How Generative AI Could Disrupt Creative Work

Authors: David De Cremer, Nicola Morini Bianzino, and Ben Falk

How Generative AI Could Disrupt Creative Work

The “creator economy” is currently valued at around $14 billion per year. Enabled by new digital channels, independent writers, podcasters, artists, and musicians can connect with audiences directly to make their own incomes. Internet platforms such as Substack, Flipboard, and Steemit enable individuals not only to create content but also to become independent producers and brand managers of their work. While many kinds of work were being disrupted by new technologies, these platforms offered people new ways to make a living through human creativity.

In the face of technological change, creativity is often held up as a uniquely human quality, less vulnerable to the forces of technological disruption and critical for the future. Indeed, behavioral researchers even call the skill of creativity a human masterpiece.

Today, however, generative AI applications such as ChatGPT and Midjourney are threatening to upend this special status and significantly alter creative work, both independent and salaried. Jobs focused on delivering content—writing, creating images, coding, and other jobs that typically require an intensity of knowledge and information—now seem likely to be uniquely affected by generative AI.

What isn’t clear yet is what shape this kind of impact will take. We propose three possible—but, importantly, not mutually exclusive—scenarios for how this development might unfold. In doing so, we highlight risks and opportunities and conclude by offering recommendations for what companies should do today to prepare for this brave new world.

Three Possible Futures

An explosion of AI-assisted innovation

Today, most businesses recognize the importance of adopting AI to promote the efficiency and performance of their human workforce. For example, AI is being used to augment health-care professionals’ job performance in high-stakes work, advising physicians during surgery and used as a tool in cancer screenings. It’s also being used in customer service, a lower-stakes context. And robotics is used to make warehouses run with greater speed and reliability, as well as reducing costs.

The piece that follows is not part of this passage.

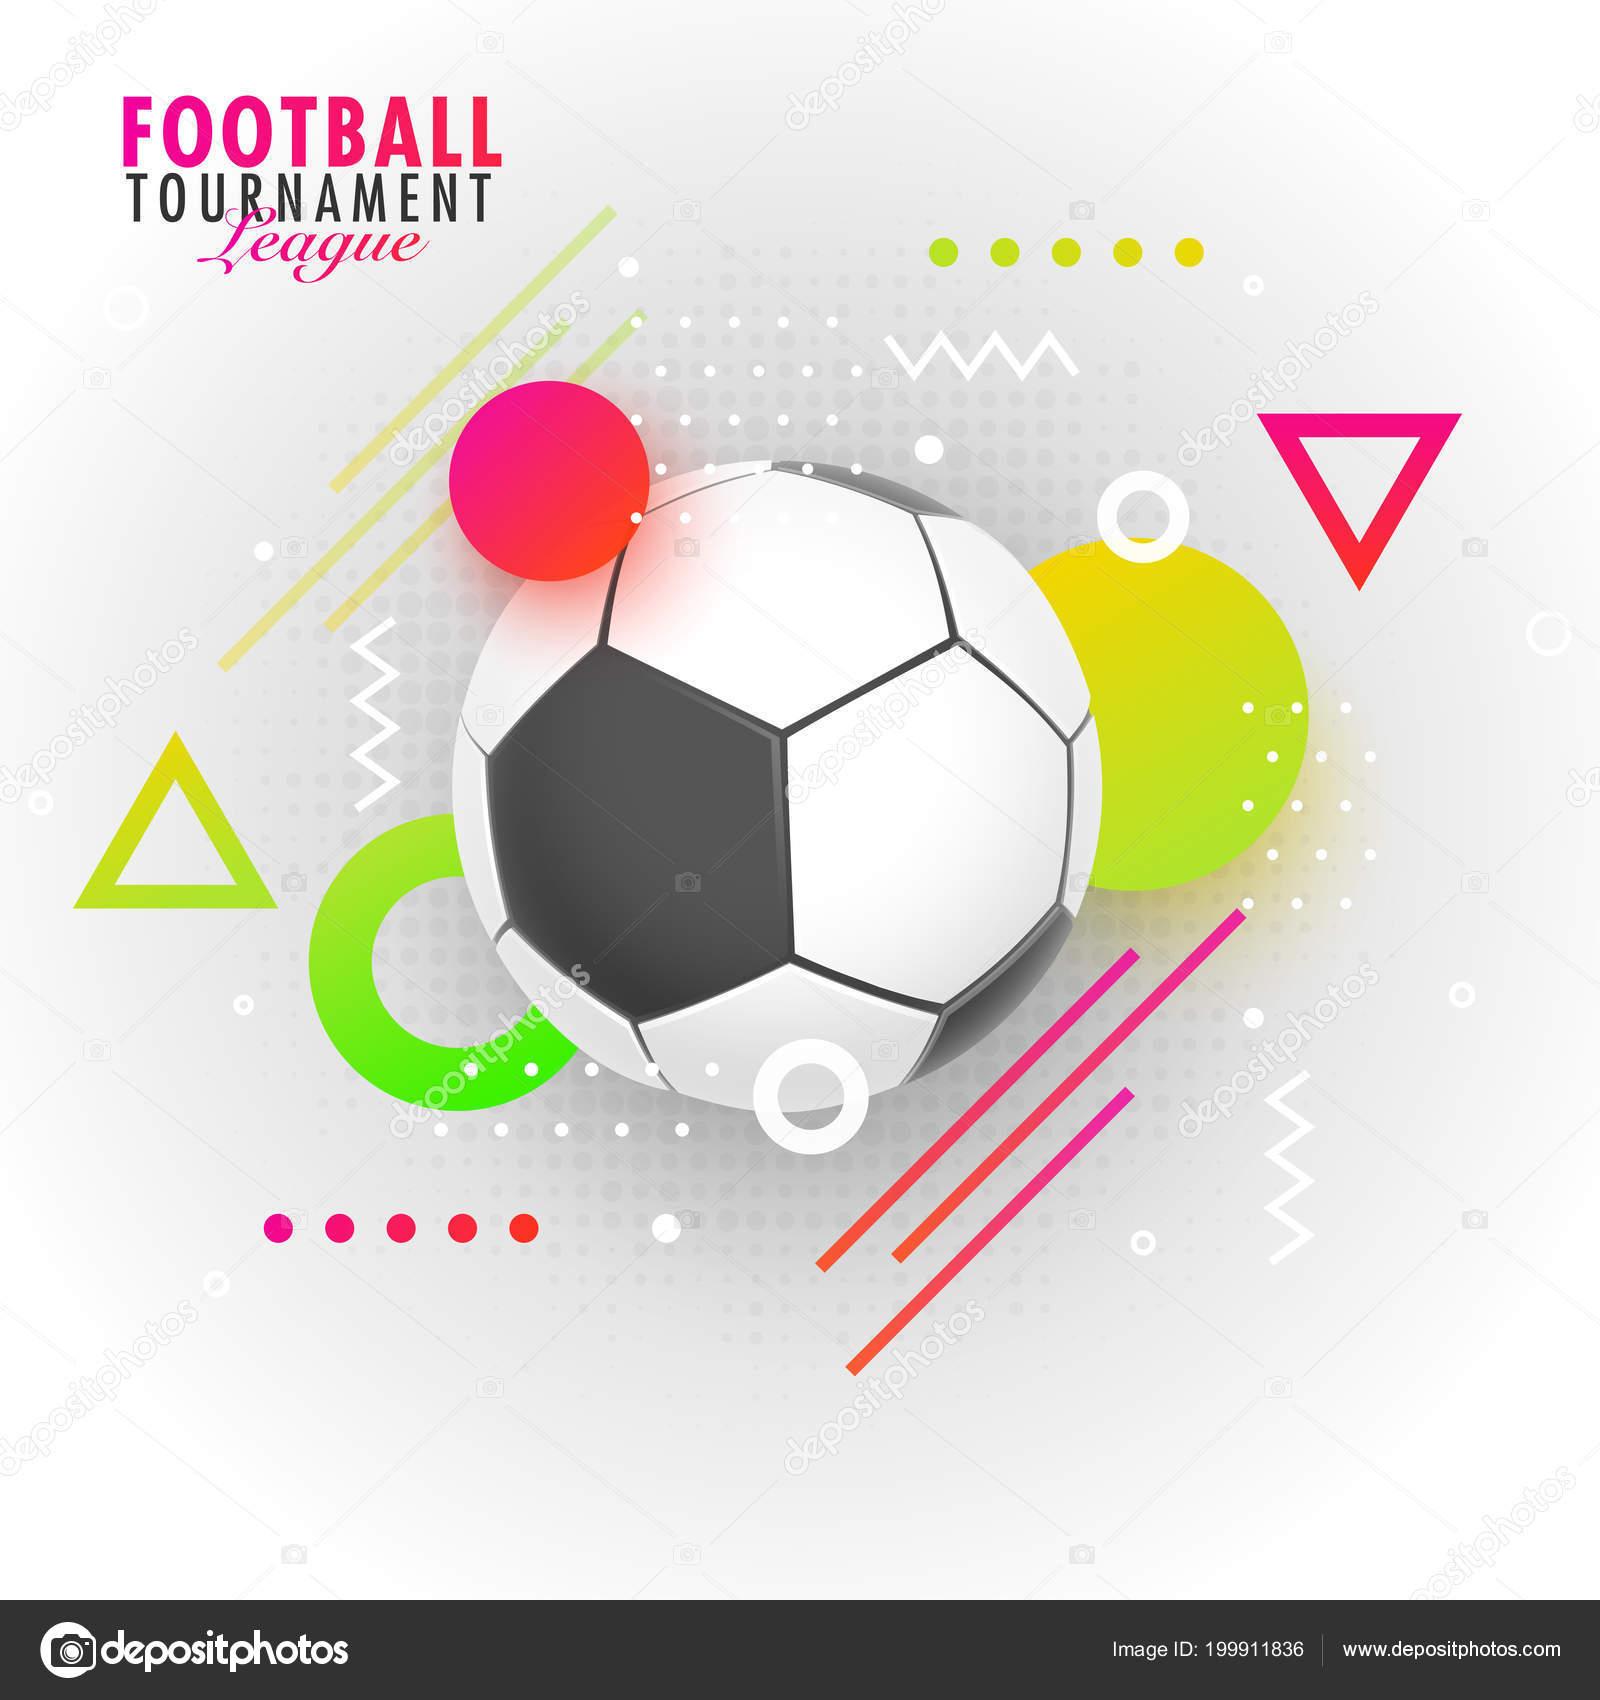 Football Tournament League Text Football Abstract Background Banner Poster Design Stock Vector C Alliesinteract 199911836
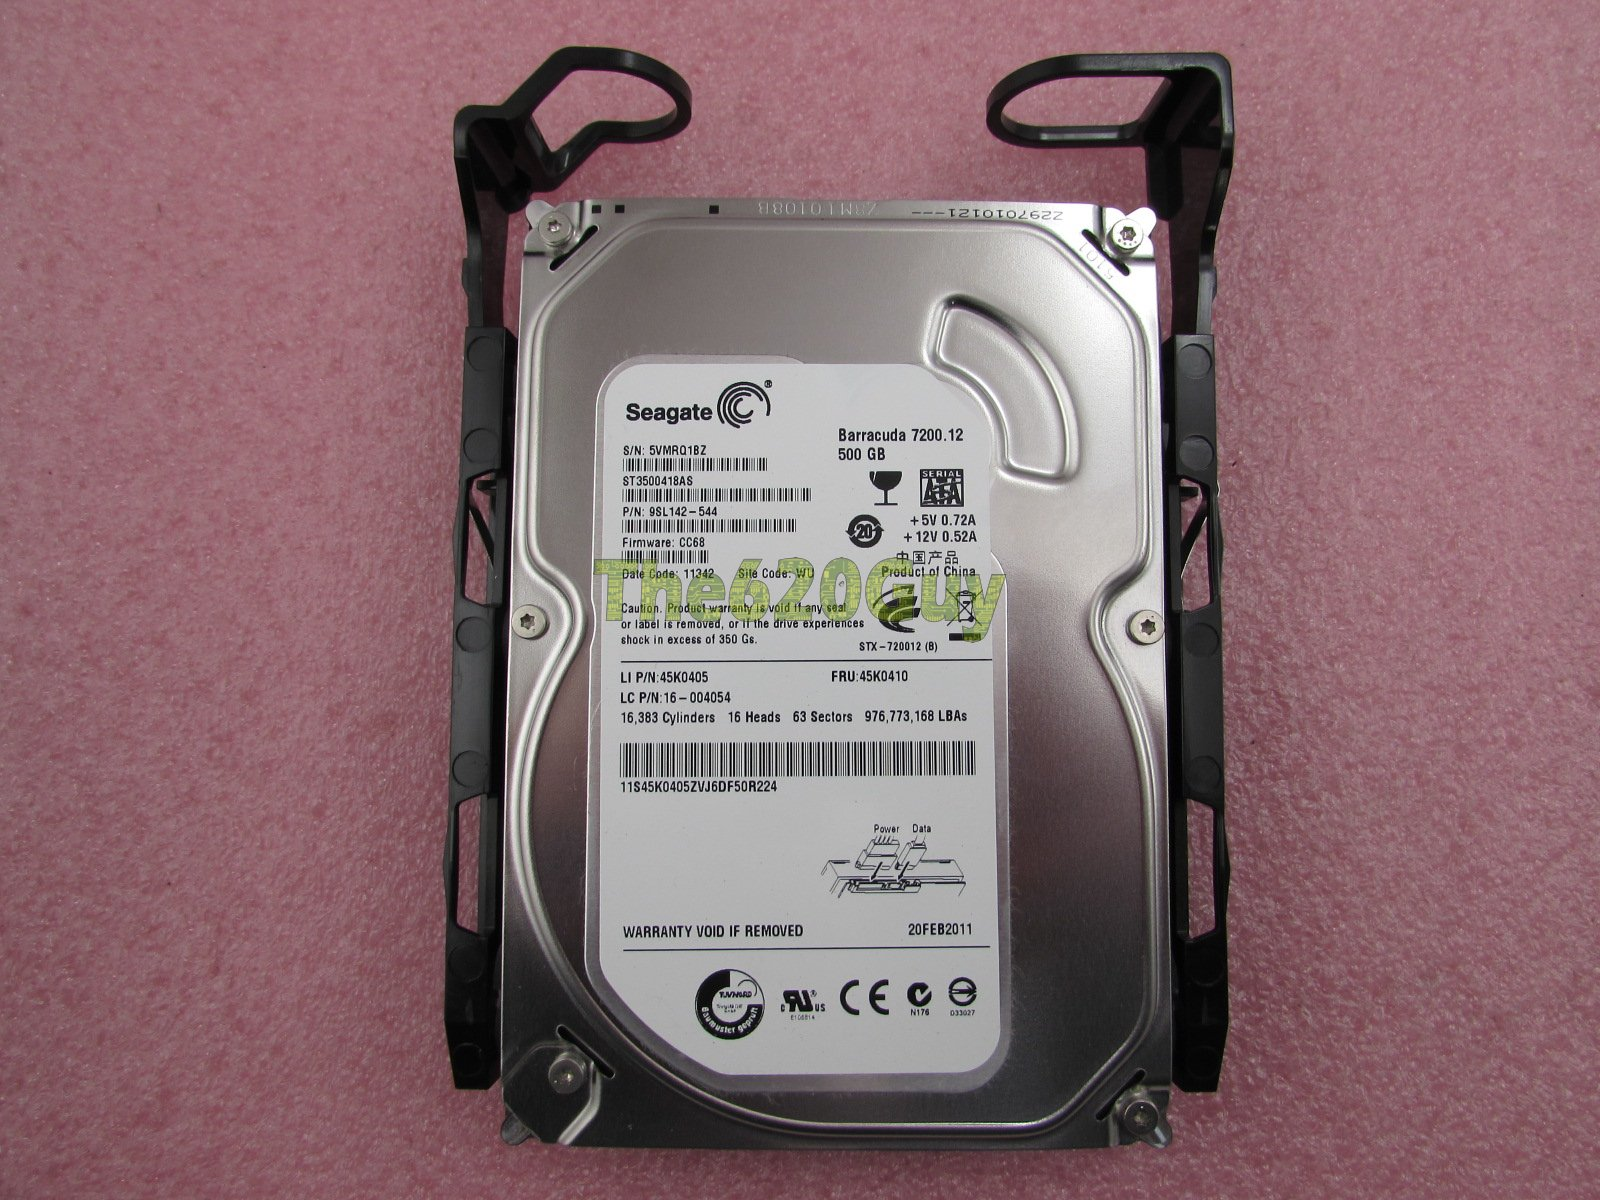 Lenovo ThinkCentre A30 Seagate Barracuda HDD Drivers for Mac

With the arrival of generative AI, we’re seeing experiments with augmentation in more creative work. Just back in 2021, GitHub introduced GitHub Copilot, an AI “pair programmer” that aids human coders. More recently, designers, filmmakers, and advertising execs have started using image generators such as DALL-E 2. These tools don’t require users to be very tech savvy. In fact, most of these applications are so easy to use that even children with elementary-level verbal skills can use them to create content right now. Pretty much everyone can make use of them.

This scenario isn’t (necessarily) a threat to people who do creative work. Rather than putting many creators out of work, AI will support humans to do the work they already perform, simply allowing them to do it with greater speed and efficiency. In this scenario, productivity would rise as reliance on generative AI tools that use natural language reduces the time and effort required to come up with new ideas or pieces of text. Of course, humans will still have to devote time to possibly correct and edit the newly generated information, but overall, creative projects should be able to move forward more quickly (see the article “How Generative AI Can Augment Human Creativity”).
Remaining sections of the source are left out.